Dose volume: 10 mL/kg bw
Doses:
2000 mg/kg bw
No. of animals per sex per dose:
5/sex/dose
Control animals:
not specified
Details on study design:
- Duration of observation period following administration: 15 d
Other examinations performed: clinical signs, body weight,
- Mortality / Viability: At least three times each Day.
- Body Weights: Test Days 1 (pre-administration), 8 and 15
- Clinical Signs: Each animal was examined for changes to treatment with particular attention paid to changes in behaviour, respiration, motility, body posture, motor susceptibility, skin, eyes, nose and fur. Observations were performed four times during Day 1, and once daily during Days 2 - 15. All abnormalities were recorded.
- Necropsy of survivors performed: yes; all animals were necropsied. All animals surviving to the end of the observation period were sacrificed by oxygen/carbon dioxide asphyxiation.
Statistics:
No data

Results and discussion

Effect levelsopen allclose all
Key result
Sex:
male/female
Dose descriptor:
LD50
Effect level:
> 2 000 mg/kg bw
Based on:
test mat.
Sex:
male/female
Dose descriptor:
LD50
Effect level:
> 1 814 mg/kg bw
Based on:
act. ingr.
Mortality:
No mortality occurred during the study period.
Clinical signs:
No clinical signs of ill health or behavioural changes were observed during the study period.
Body weight:
Normal body weight gain was noted in all females over the first week of the study and in all males over the whole study period. However, slightly reduced body weight gain was noted in all females over the second week of the study period compared to Week 1.
Gross pathology:
Macroscopic post mortem examination of the animals at termination did not reveal any significant abnormalities. Renal pelvic dilation, observed in 1/10 treated animals, is a common finding in animals of this age and strain and therefore considered of no toxicological significance.
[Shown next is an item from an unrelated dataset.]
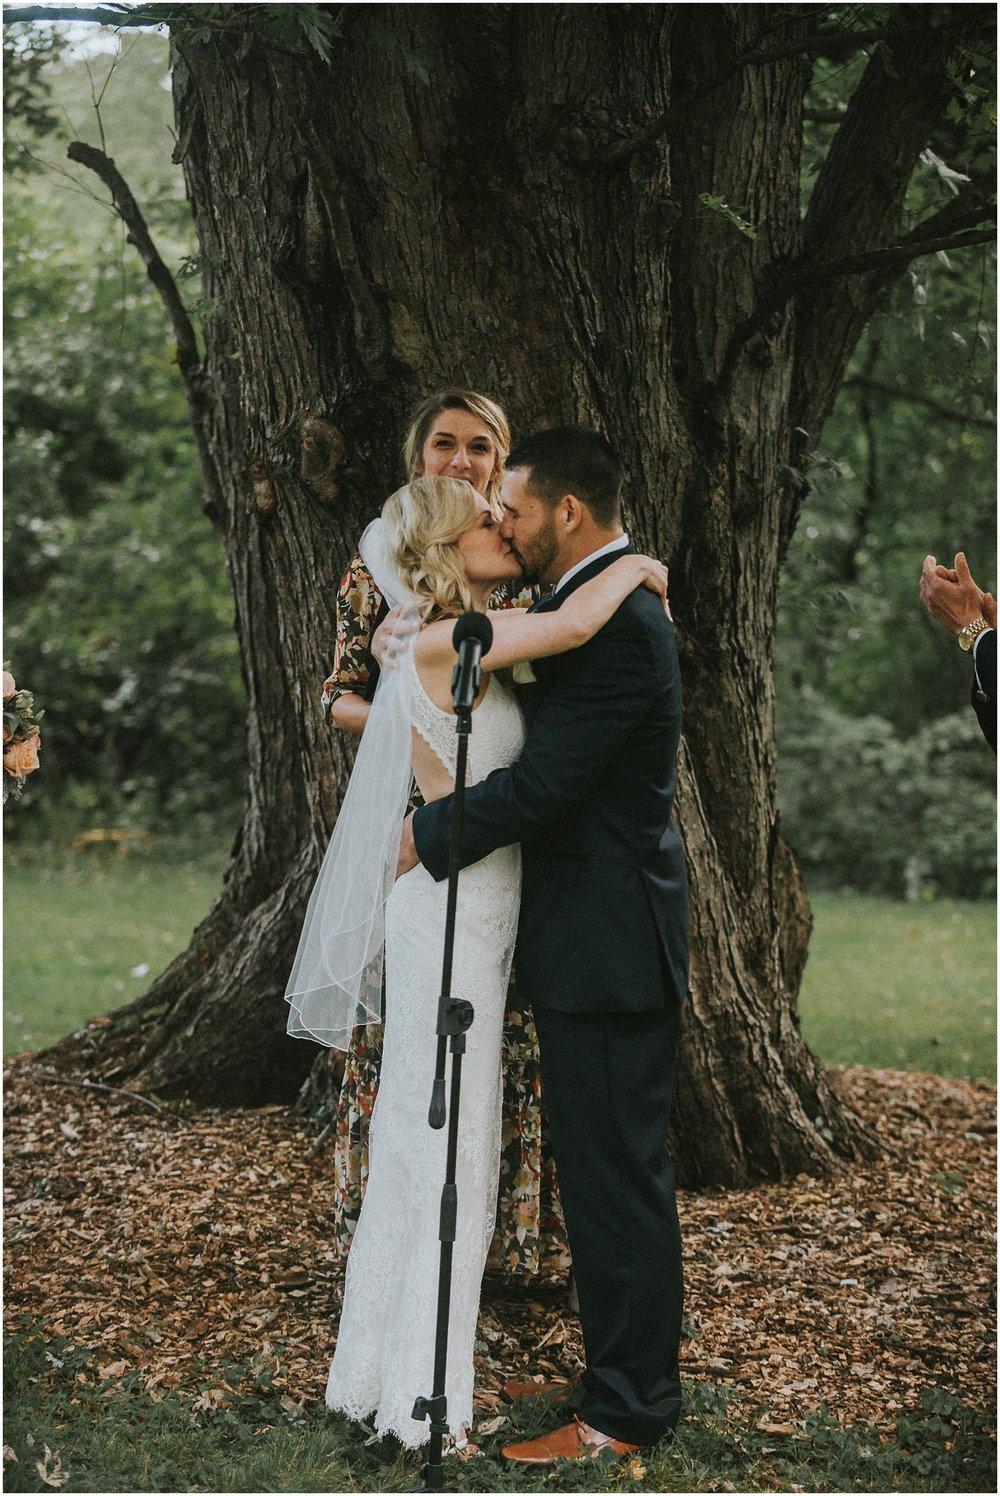 waterloo-village-waterloo village-wedding-outdoor wedding-rustic-boemian-new jersey-bride-groom-wedding party-davids bridal-wedding dress-wedding-first kiss-intimate wedding_0384.jpg

Applicant's summary and conclusion

Interpretation of results:
GHS criteria not met
Conclusions:
The oral LD50 of the test substance was found to be >2000 mg/kg bw (i.e. ca. >1814 mg a.i./kg bw) in rats.
Executive summary:

A study was conducted to assess the acute oral toxicity of the test substance (of 90.7 % purity) in Wistar rats according to OECD Guideline 401 and EU Method B.1 in compliance with GLP. A group of 5 female and 5 male rats received a single oral (gavage) dose of 2000 mg/kg bw of test substance. Parameters assessed included mortality, clinical observations, body weight and necropsy findings in all animals over a 15 d observation period. No mortality and no clinical signs were observed and no significant macroscopic abnormalities were seen at necropsy except renal pelvic dilation, observed in a single male, which is a common finding in animals of this age and strain and was therefore considered to be of no toxicological significance. Further, normal body weight gain was noted in all females over the first week. However, slightly reduced body weight gain was observed among females over Week 2 compared to Week 1. Taking the above findings into account, the oral LD50 of the test substance was >2000 mg/kg bw (i.e. ca. >1814 mg a.i./kg bw) in rats.